Kevin Morby fait partie de ces types chez The Drone qu’on, disons, tolère, mais dont on ne parle pas spécialement plus que ça, d’une part parce qu'on pense que leur passéisme bon teint tire plus souvent sur la corde nostalgique sans forcément en faire grand chose, d’autre part parce que ce même passéisme nous empêche souvent de creuser plus loin que les ornements mignonnets qui le composent de prime abord.
Eh bien parfois on se trompe. Car depuis la publication de ses premiers albums solo, l’ex-membre de Woods et de The Babies arrive à transcender des influences très classiques – Leonard Cohen, Burt Bacharach, Lee Hazlewood ou Bob Dylan ne sont jamais loin – avec un art de la nuance dans le songwriting qui permet, sinon de faire oublier, tout du moins de ne pas systématiquement le ramener à des pères putatifs et une imagerie forcément écrasantes. Son dernier album en date, le superbe Singing Saw, paru cette année sur le label Dead Oceans, parvenait d’ailleurs à parler de montagnes, de Jésus, de grandes roues, de grands espaces américains, tout ça sans sentir la naphtaline ni l’americana un peu poussiéreuse au coin du feu. Ce qui est en soi une petite gageure.

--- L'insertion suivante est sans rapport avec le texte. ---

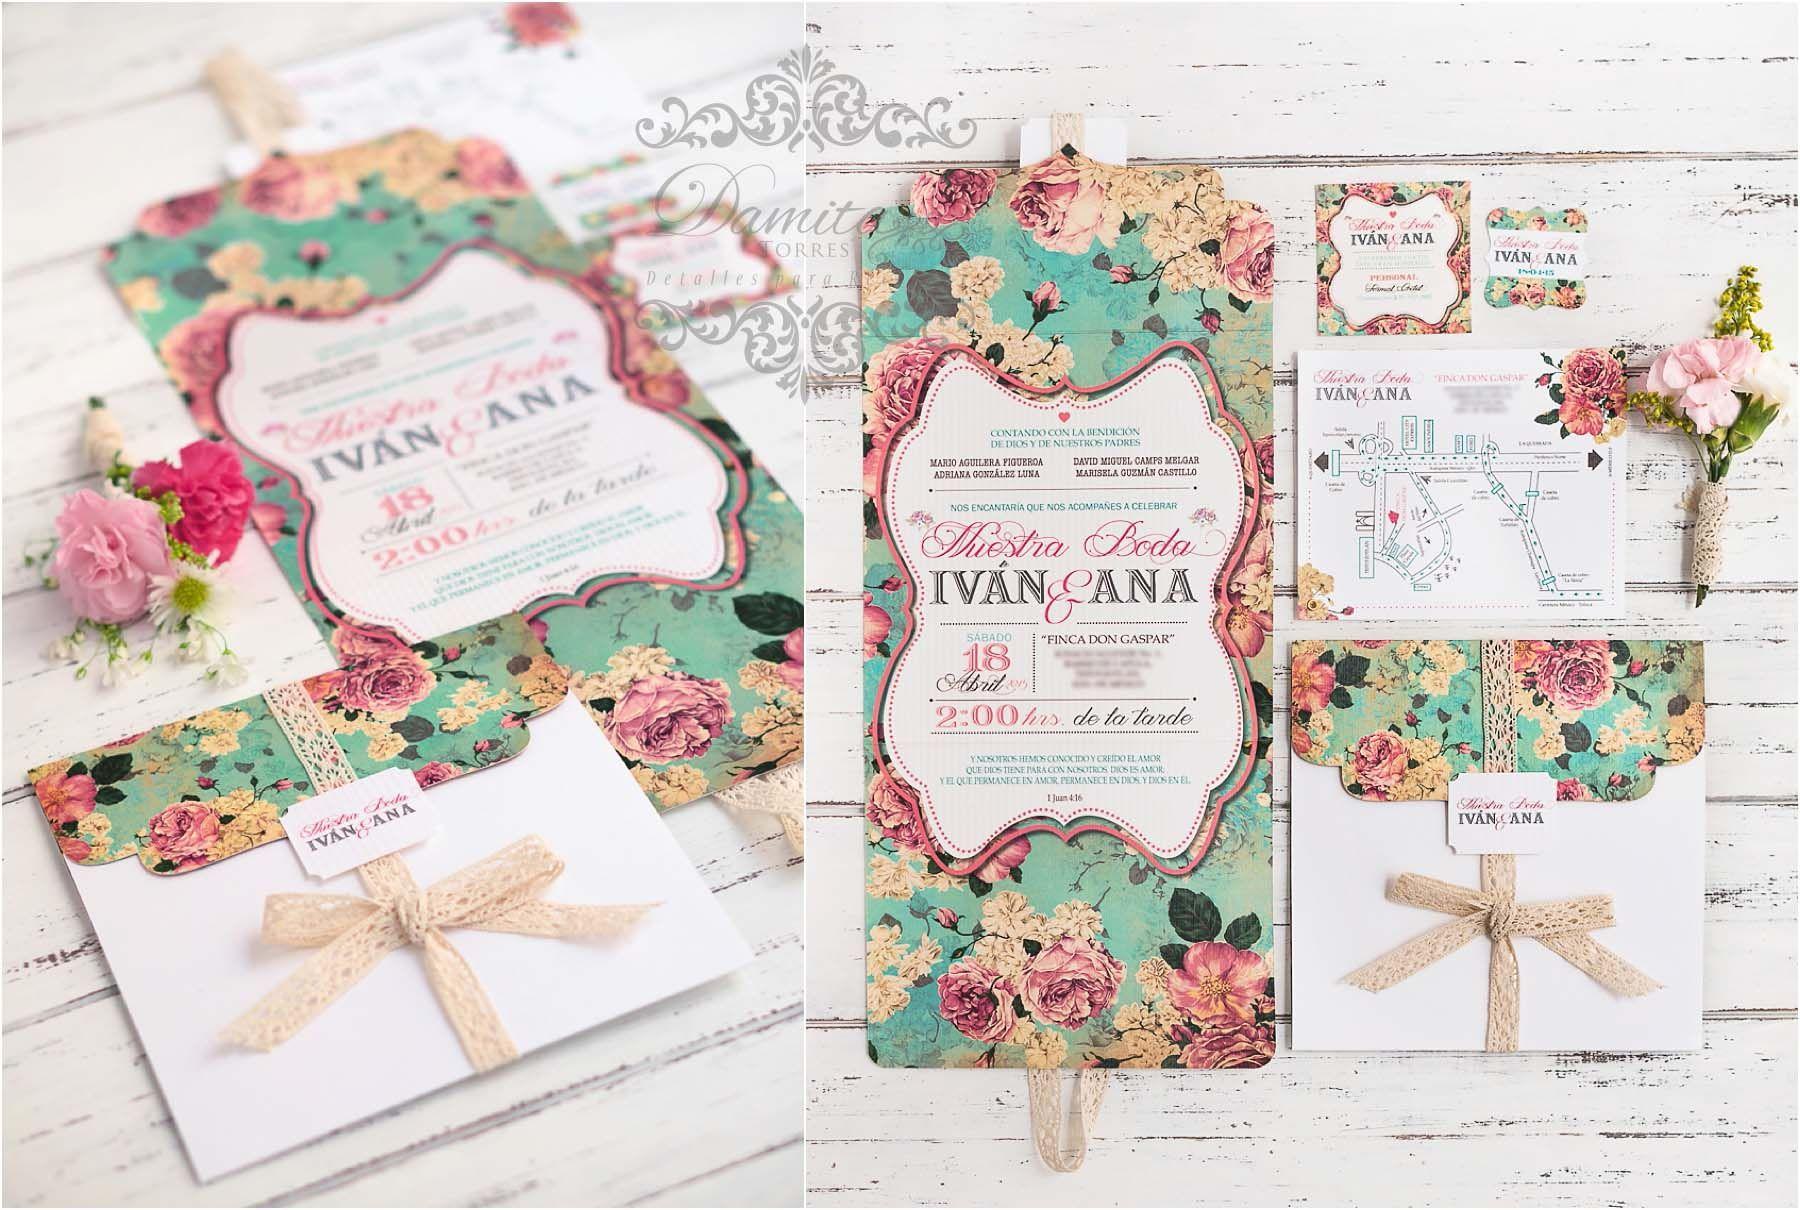 Invitacion boda invitation wedding turquesa aqua shabby chic coral tarjetas 15 - Boda shabby chic ...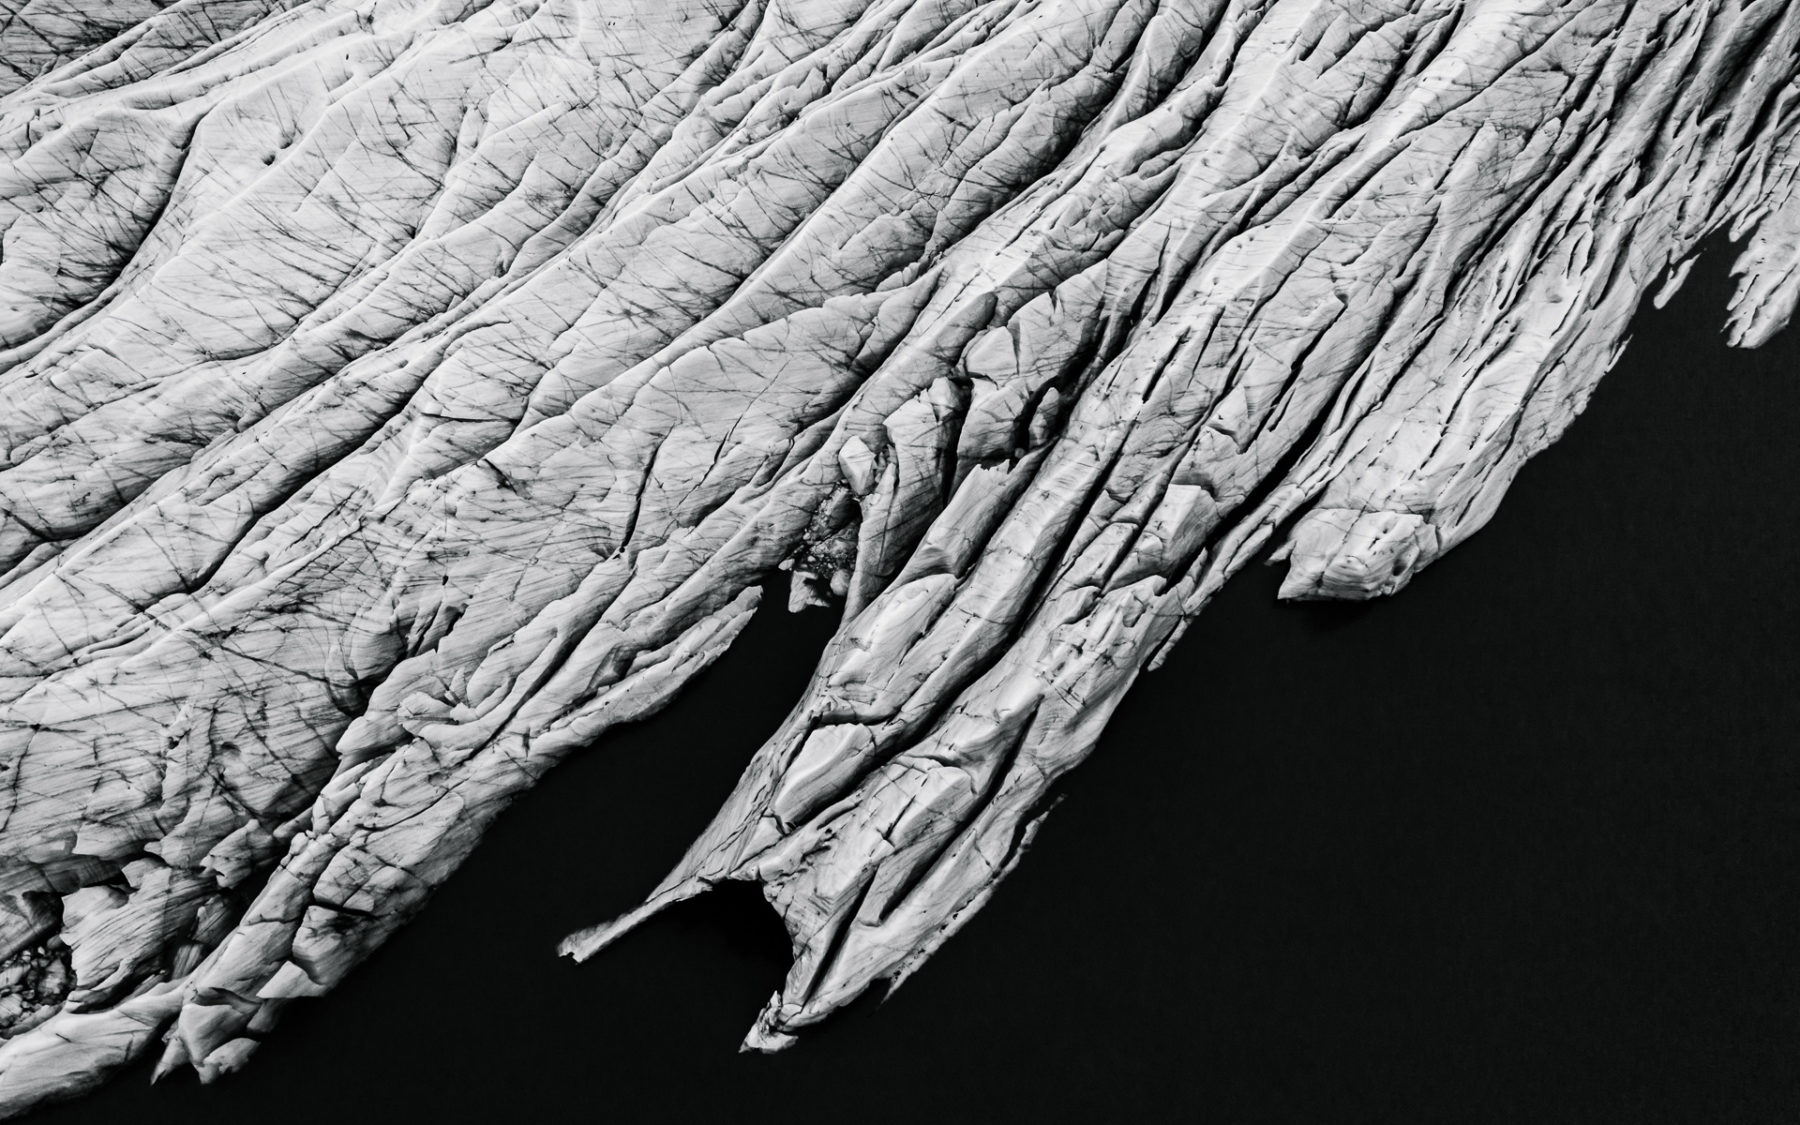 nls 2001 norway iceland portraits of glaciers 12

Aujourd’hui, Kevin Morby revient avec deux nouveaux morceaux sous le bras, dont une reprise de Townes Van Zandt (dont s’inspirait plus ou moins le personnage d’Oscar Isaac dans Inside Llewyn Davis des frères Coen), et une chanson, Beautiful Strangers, qui nous intéresse un peu plus que la première. Le morceau en question, dont les bénéfices seront reversés à une association anti-armes à feu, est une protest song qui traite des violences policières à travers le monde, des attentats à Orlando ou encore à Paris, et s’adresse selon Morby "à tous ces gens que je n’ai pas connus mais dont la vie a été enlevée".
Il n’y a probablement rien de plus casse gueule que de faire une protest song en 2016, mais il faut dire que Morby se colle à l’exercice avec une telle simplicité, une absence de démagogie et de calcul et un savoir faire que nos a priori s’en trouvent assez vite désarmés. Si Kevin Morby réussit là où d’autres se seraient probablement lamentablement viandés, c’est parce que Beautiful Strangers est une chanson dépourvue de tout prêche (malgré les chœurs gospel), pleine de quiétude, d'une bonhomie qui rappelle plus Bill Callahan que, au hasard, Neil Young, et fait montre d'une résignation face à l'horreur somme toute contemporaine, mais que le songwriter arrive à rendre assez bouleversante ("If the gunmen come, or If I die too young, I'm full of love"). Et si l'œcuménisme du morceau reste tout de même un poil maladroit (comme lorsqu'il chante : "I’m Sorry, Freddie Gray"), Kevin Morby montre qu’on peut encore faire ce genre de chanson en 2016 sans sonner rétrograde, et en ne professant pour cela que de la candeur, de la retenue et de l’harmonie.
Le nouveau maxi Beautiful Strangers/No Place To Fall de Kevin Morby est sorti le 27 octobre. Tous les bénéfices seront reversés à l'association Everytown for Gun Safety. Vous pouvez vous le procurer ici. À noter que Kevin Morby passera par la France en novembre, notamment à Tourcoing (le 9), Paris (le 11), Angers (le 17), Nantes (le 18), Bordeaux (le 19), La Rochelle (le 20), Nîmes (le 21).